Every idea needs it's supporters. And support based on
feelings and emotion or simply the credibility of the
supporter is reasonably called hype.
But there is good hype and bad hype.
Here are examples of pattern hype.
You decide which is which.
KentBeck and I are well practiced at promotion.
We took
BruceAnderson to dinner after the first
ArchitectureHandbookWorkshop and worked on him for hours.
Finally he had to say enough, enough, I believe already.
--
WardCunningham
It wasn't me, there was a Jewish ventriloquist at the next table! I must admit though that I said something with that meaning. --
BruceAnderson
At the D.C. OOPSLA, I asked everyone in the patterns
workshop to write
Ask me about patterns on their badge.
I know I'm not the only one that did so.
Several conference goers told me they had already
had interesting conversations with other workshop
attendees before me. --
WardCunningham
JimCoplien has argued at PLoP and elsewhere that
too much hype leads to
PatternSkepticism.
I was at a 2 hour seminar last fall where a number of
people, including me, were first introduced to patterns.
Some of them were involved in a new project. It would
take more fingers than I have (10) to count the number of
people who left talking about how patterns were going to
be their salvation -- their magic methodology.
Most, if not all, now see them as a useful resource, not
as the only "tool" they need.
--
BobHanmer
Maybe
GettingUpToSpeed was not convincing enough. --
MartineDevos
Computer Aided Pattern Engineering (CAPE -- vs CASE) or should it be called Pattern Aided Software Engineering? I have talked to some people who, in earnest, look forward to the day when we can generate software systems by inputing patterns. There may be merit to some of these efforts, but the idea can backfire and cause people to become skeptical of the patterns (remember when expert systems were all the rage and
was AI to many people, or when high level management thought that CASE tools would eliminate the need for programmers). What do you think about
PatternAidedSoftwareEngineering?
-
ToddCoram
Technology sometimes overtakes yesterday's patterns,
so they're tomorrow's automatically generated code.
At that point, they cease to be important to me as
patterns. The literature becomes less important,
because the knowledge can be captured in a tool.
I can think of examples of assembly language patterns I
used 25 years ago, which compilers know how to handle today
(things like register allocation).
However, I can't name many of these patterns that
have become automated. And I think the very best patterns
can never be automated, because they call on uniquely
human expertise.
My greatest concern isn't automation per se,
but the opportunism that comes from
automation. That will give rise to an industry of tool
vendors and lots of PhD theses based on pattern automation.
This all ties into
PatternHype:
It's easier to make money
selling a tool than it is selling good ideas.

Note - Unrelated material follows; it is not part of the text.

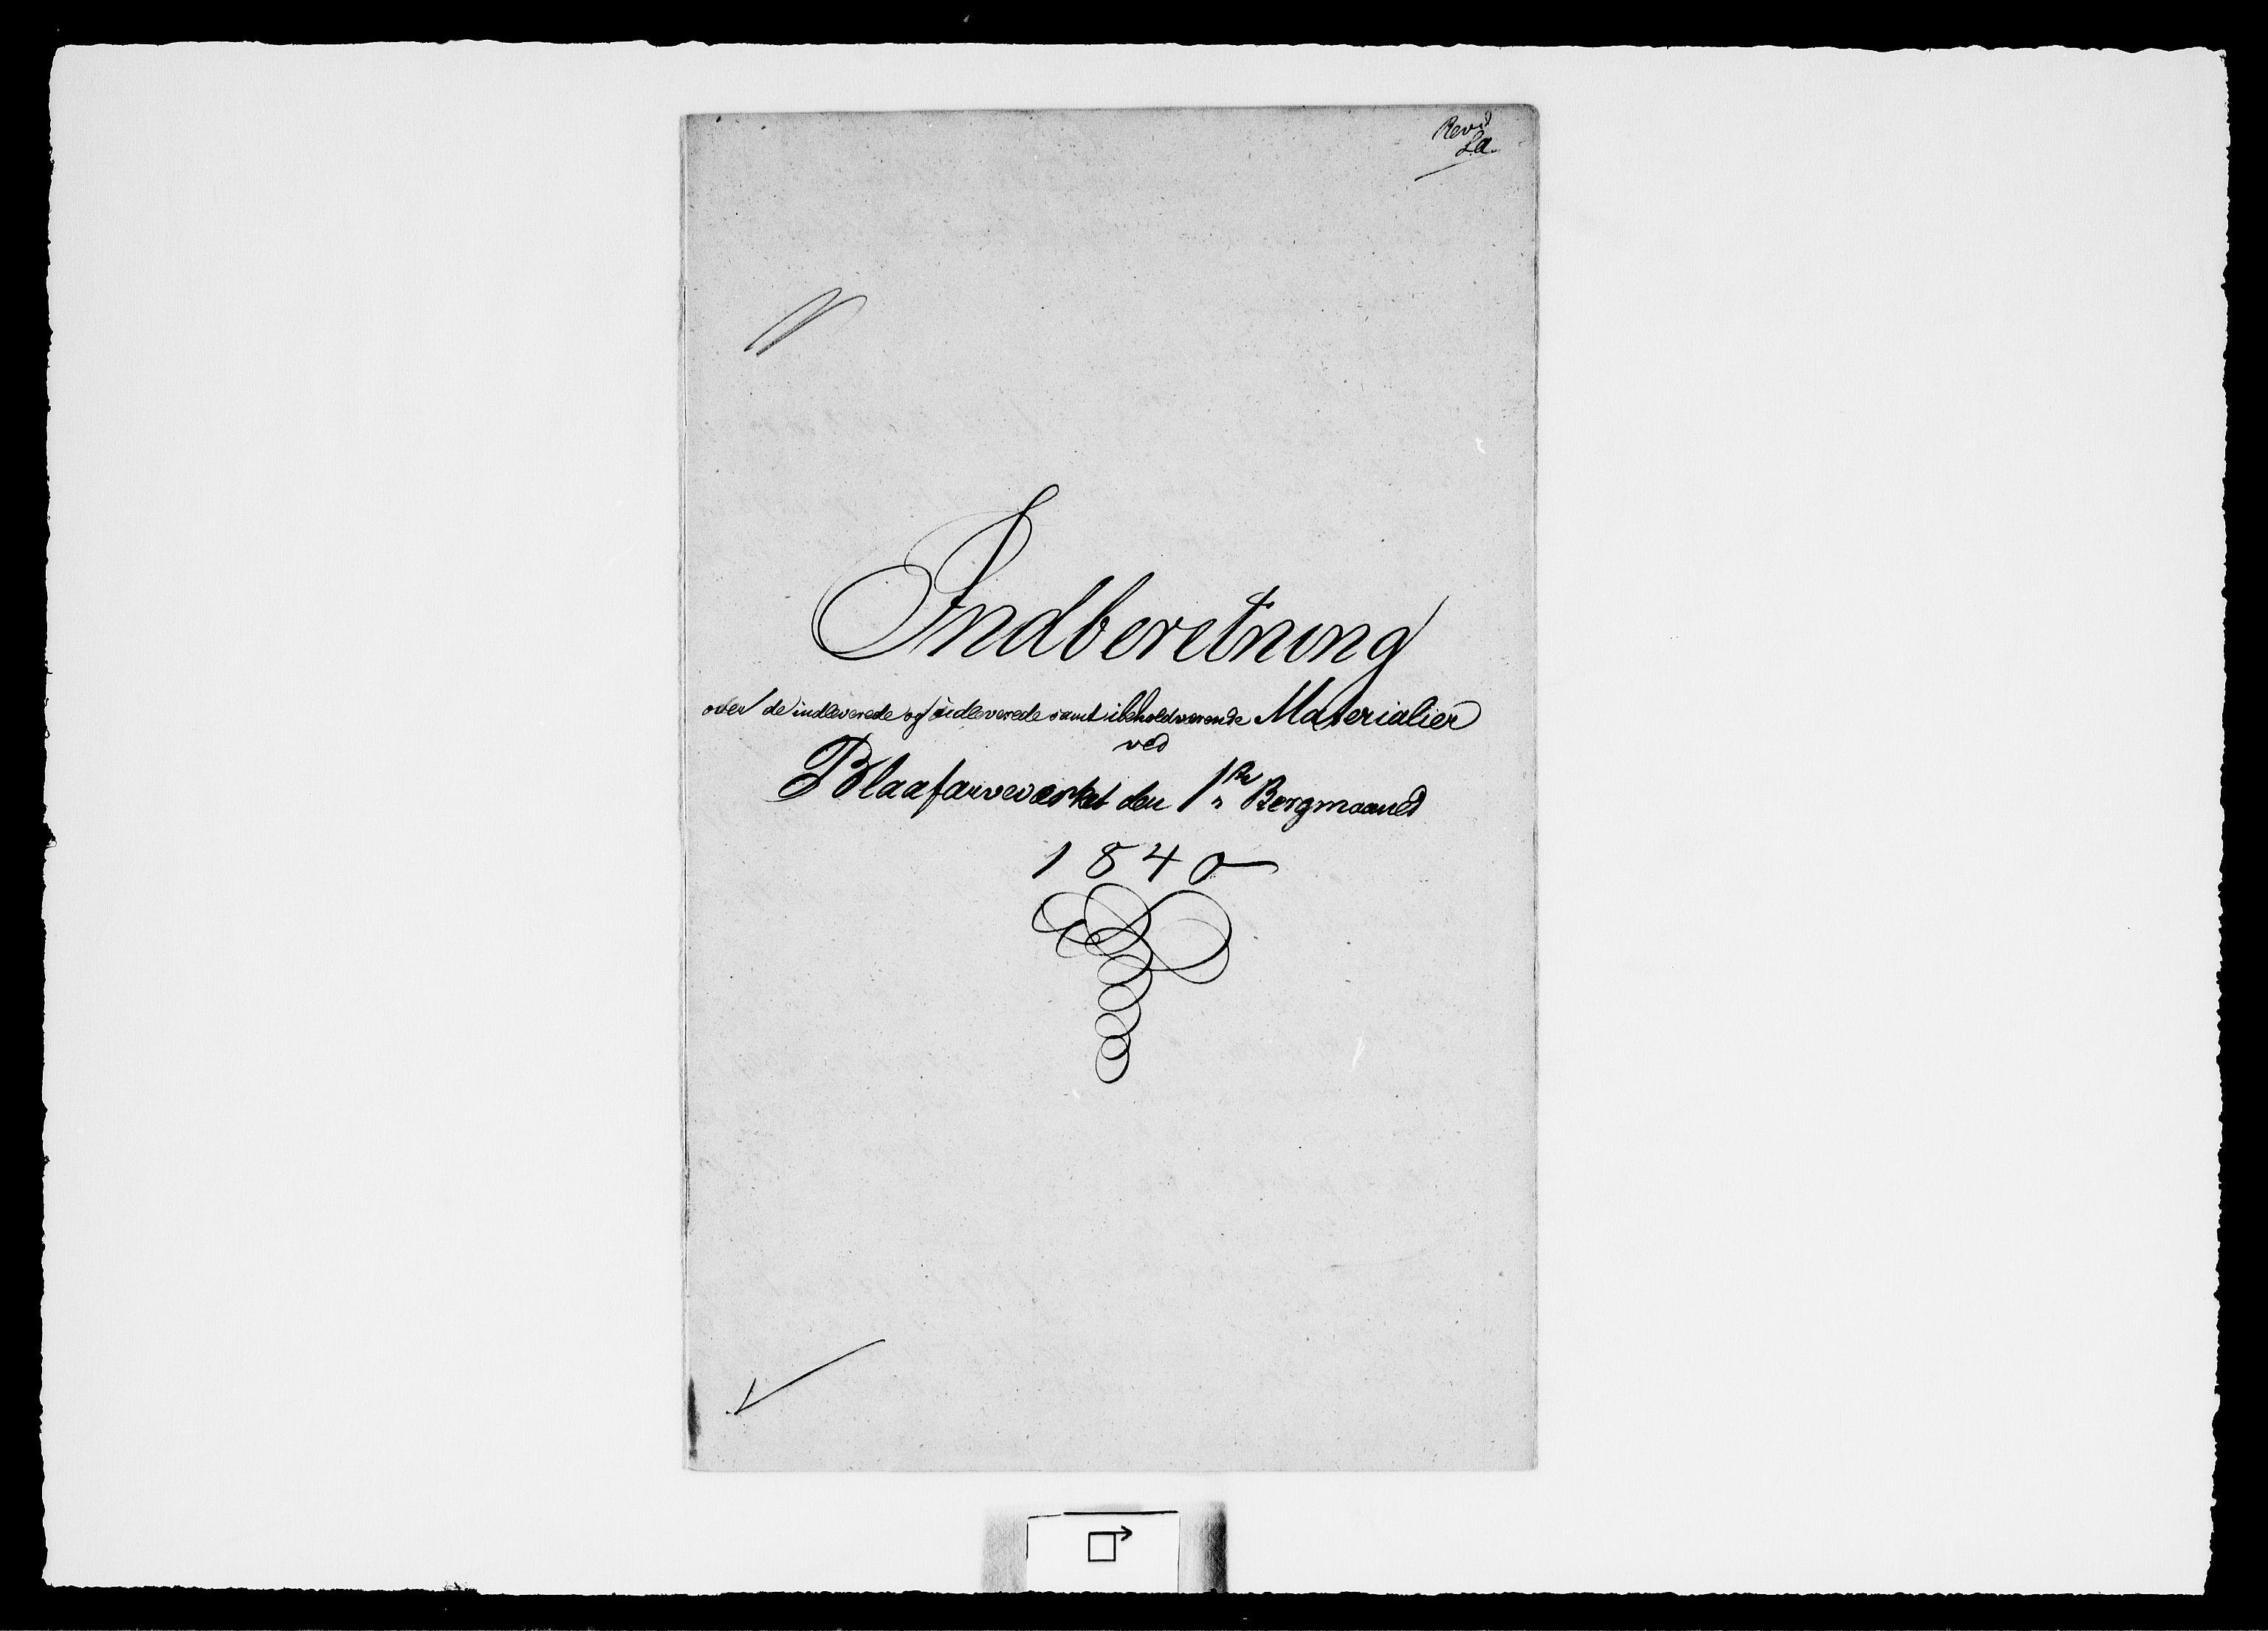 RA, Modums Blaafarveværk, G/Gd/Gdd/L0249, 1840-1849, s. 2

At worst, these efforts will lead people to do bad things,
as is the case with many contemporary CASE tools.
At best, they sidestep the moral imperatives of human
comfort and aesthetics that are the core of what
patterns mean to me.
See my article,
"Coding Patterns,"
C++ Report 8(9), October, 1996.
--
JimCoplien
Part of the bad hype stems from a lot of
PatternsMisconceptions (which in turn, lead to a lot of "bad hype" and more
PatternSkepticism - its a vicious cycle). I've started a separate page for identifying many of these
PatternsMisconceptions. Please contribute to it so we may better help others to understand not only what patterns are, but also what patterns are
not.
--
BradAppleton
(your story here)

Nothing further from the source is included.